Глава 5

Обрезок оленьей кожи я выторговал у Кирены два дня назад за горшочек мази. Она долго вертела его в руках, принюхивалась, мазнула по тыльной стороне ладони, посмотрела, как плёнка схватилась за полминуты, и молча протянула кусок выделанной шкуры размером с ладонь. Не лучший обмен в её жизни, но и не худший.

Сейчас этот кусок лежал передо мной на столе, рядом со склянкой, миской тёплой воды и плошкой с застывшей оленьей кровью. Последнее, что осталось от оленя-приманки — бурая лепёшка на дне глиняной посудины, собранная Гортом из амбара, где разделывали тушу.

Горт сидел на своём привычном месте у стены, кора и палочка наготове. Он уже не спрашивал, зачем я раскладываю вещи в определённом порядке, а лишь молча наблюдал.

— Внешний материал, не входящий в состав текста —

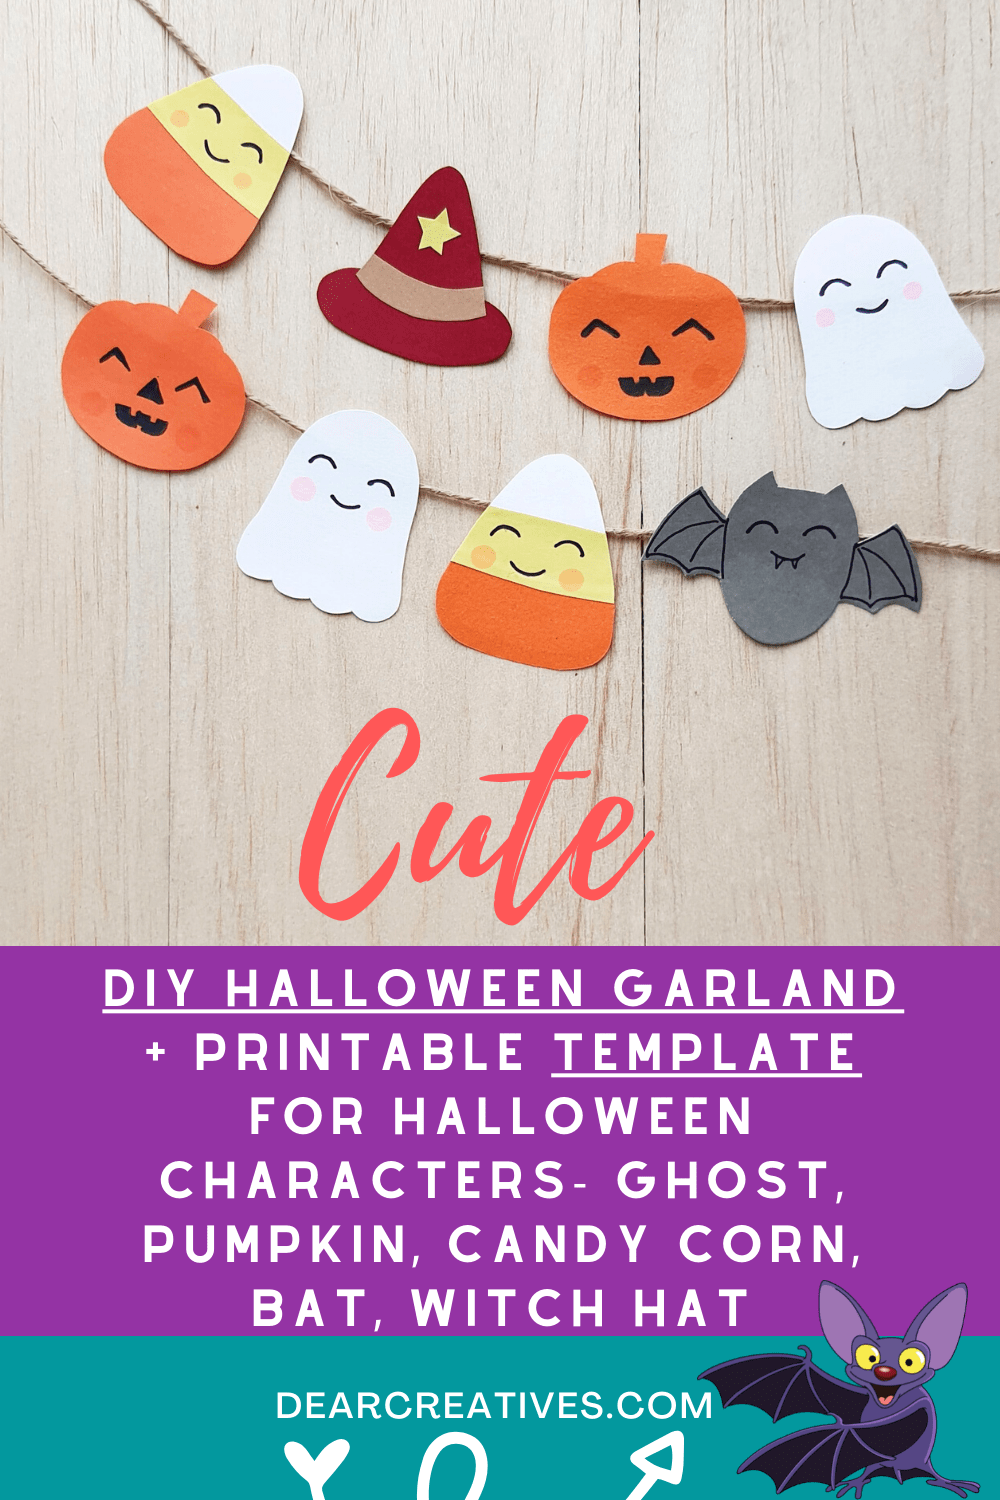 DIY-Halloween-Garland-Grab-the-printable-template-to-make-a-banner-with-a-ghost-bat-witch-hat-pumpkin-and-candy-corn.-Instructions-for-this-Halloween-craft-and-template-at-DearCreatives.com

Я взял склянку, самую широкогорлую из тех, что остались от Наро. Диаметр горла в три пальца. Натянул кожу сверху, как барабанную мембрану. Бечёвка обхватила горловину двумя витками, затянул узел и проверил натяжение, надавив пальцем по центру. Кожа прогнулась, но не провисла — упругая, тонкая, но плотная. Выделка у Кирены грубоватая, поры крупнее, чем хотелось бы. В идеале — мочевой пузырь, но олень в деревне остался один, и вскрывать его ради пузыря никто не даст.

Обойдёмся тем, что есть.

Ножом размазал по мембране тонкий слой крови. Она подтаяла от тепла рук, стала вязкой, липкой, с тяжёлым железистым запахом. Бурая плёнка легла на кожу неровно, гуще к центру, тоньше к краям. Сойдёт.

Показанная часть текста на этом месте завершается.